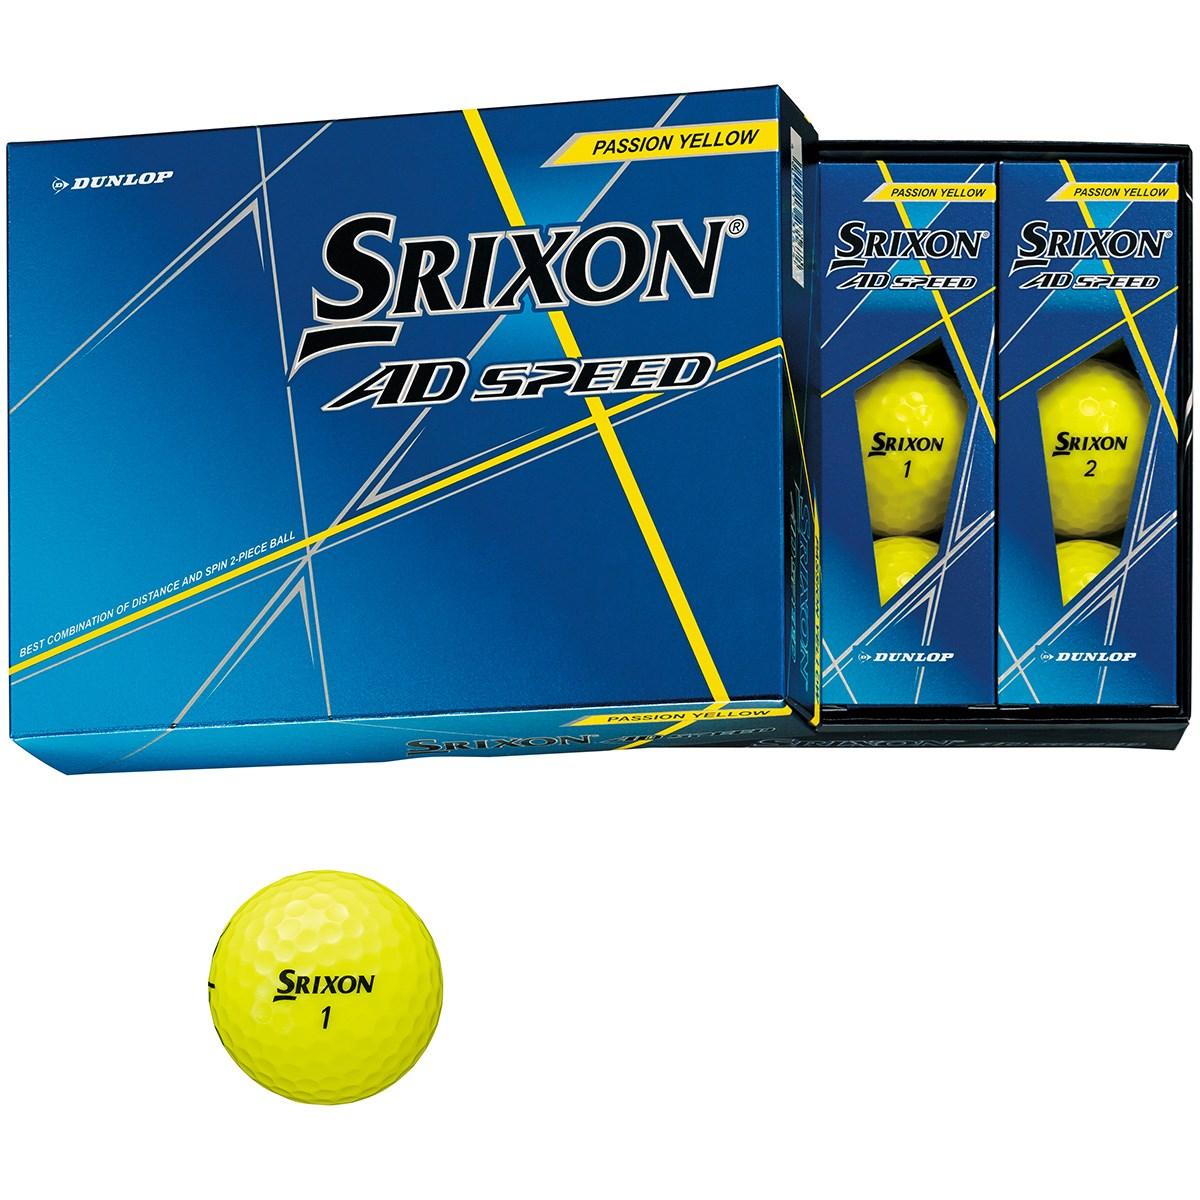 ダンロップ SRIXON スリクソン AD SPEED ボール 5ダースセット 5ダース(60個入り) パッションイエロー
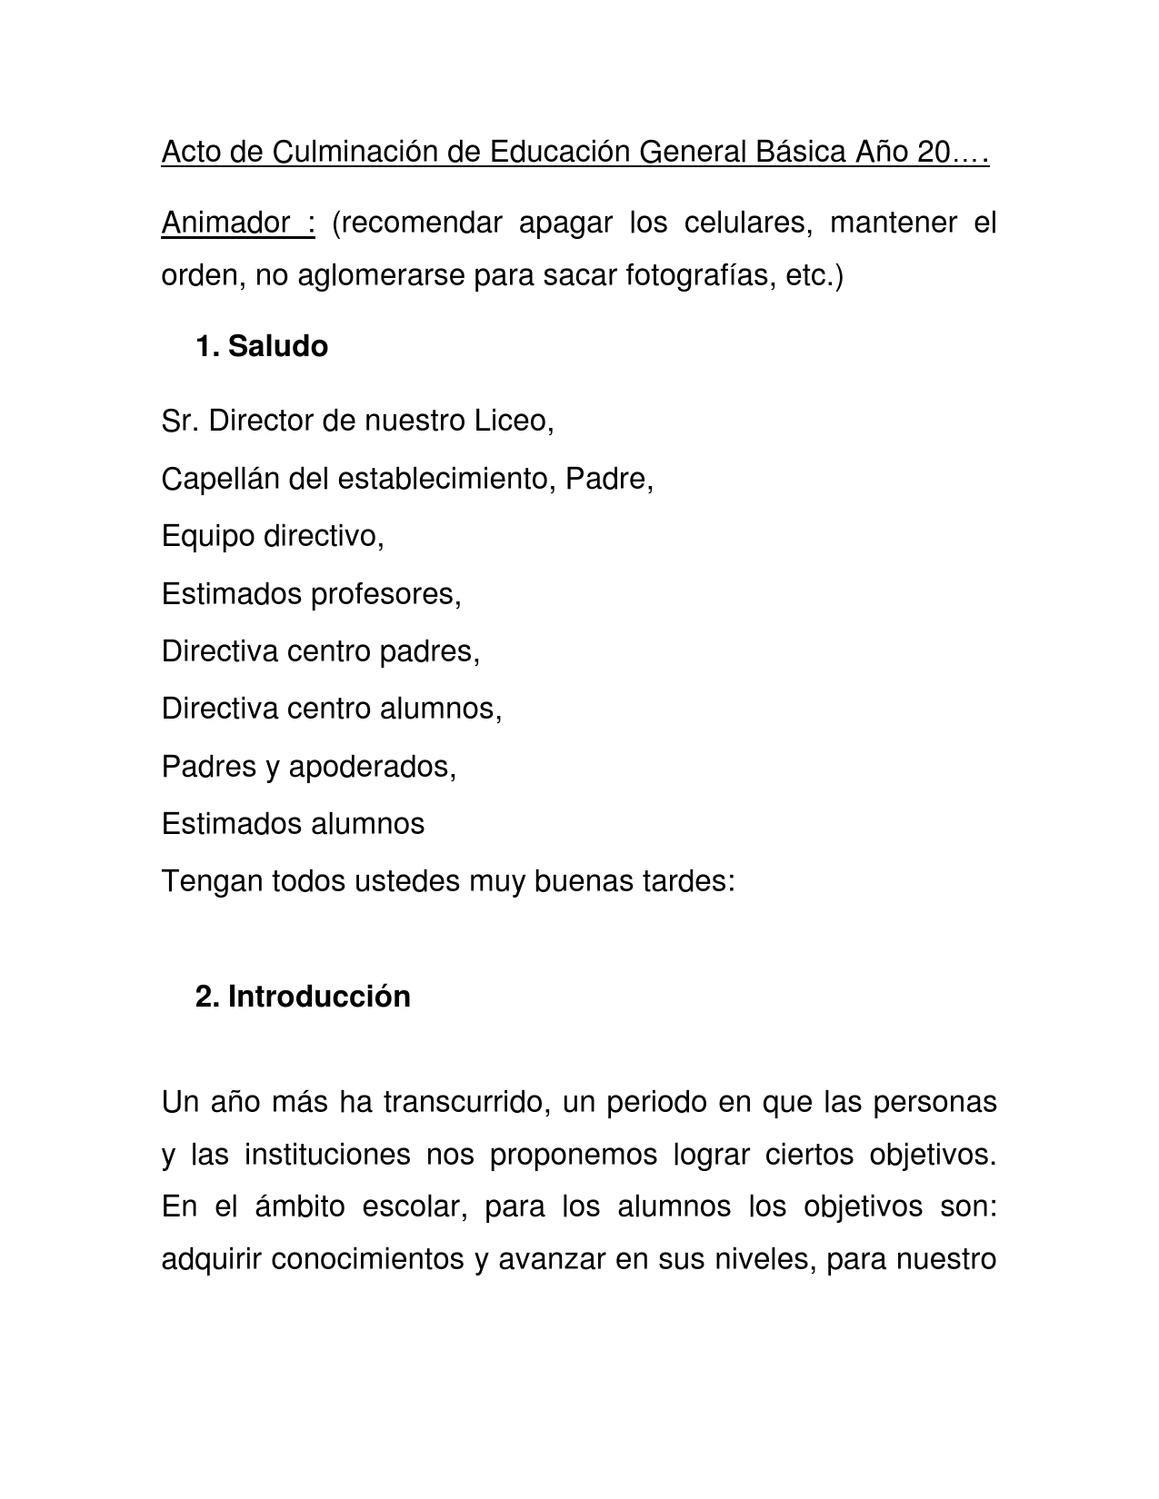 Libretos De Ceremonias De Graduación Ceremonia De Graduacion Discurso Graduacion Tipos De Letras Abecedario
◆ ◆ ◆ ◆ ◆
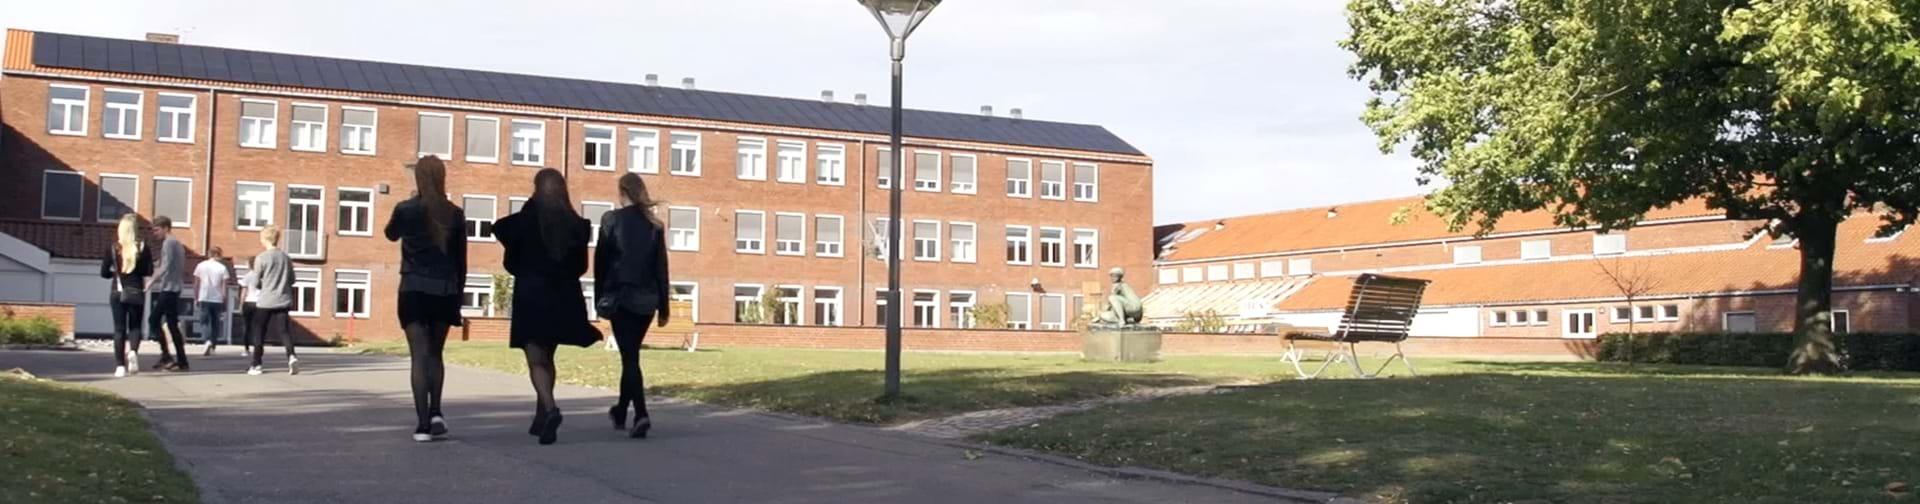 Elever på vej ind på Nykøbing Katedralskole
◆ ◆ ◆ ◆ ◆
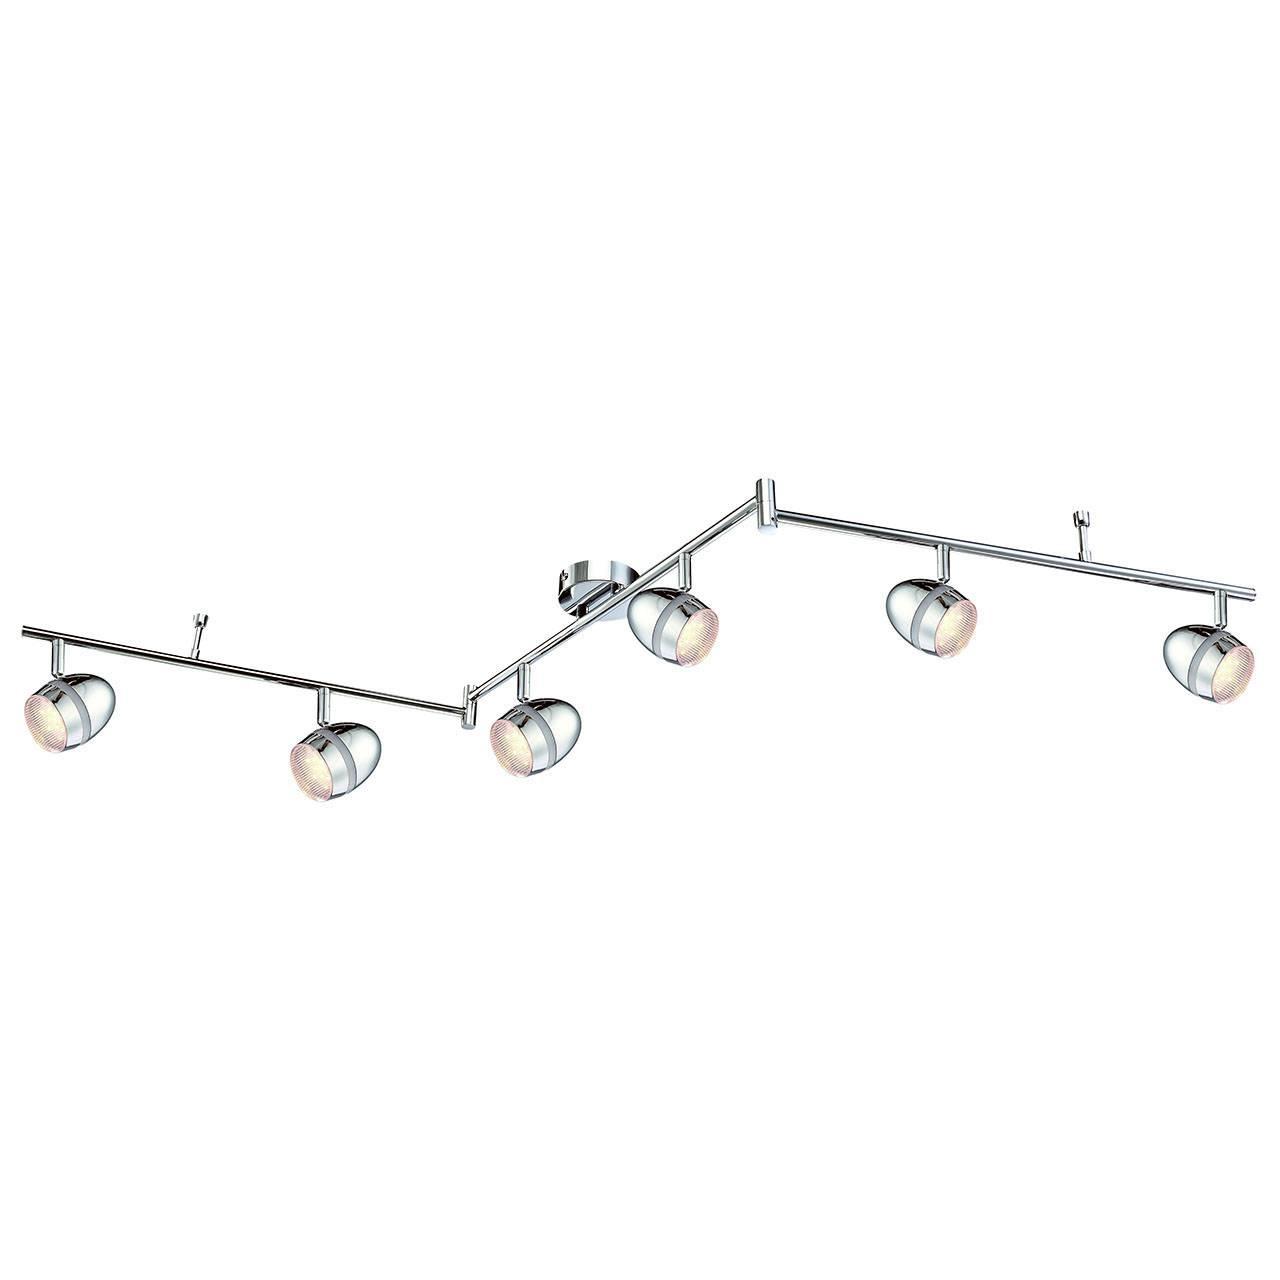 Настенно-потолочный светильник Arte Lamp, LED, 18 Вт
◆ ◆ ◆ ◆ ◆
• _ASSIGNMENT_:
Given the listing above, repeat exactly the lines starting at the one with "ダンロップ SRIXON スリクソン" and ending at the one with "Libretos De Ceremonias", inclusive, excluding pictures.

• _EXERCISE SOLUTION_:
 ダンロップ SRIXON スリクソン AD SPEED ボール 5ダースセット 5ダース(60個入り) パッションイエロー
 Libretos De Ceremonias De Graduación Ceremonia De Graduacion Discurso Graduacion Tipos De Letras Abecedario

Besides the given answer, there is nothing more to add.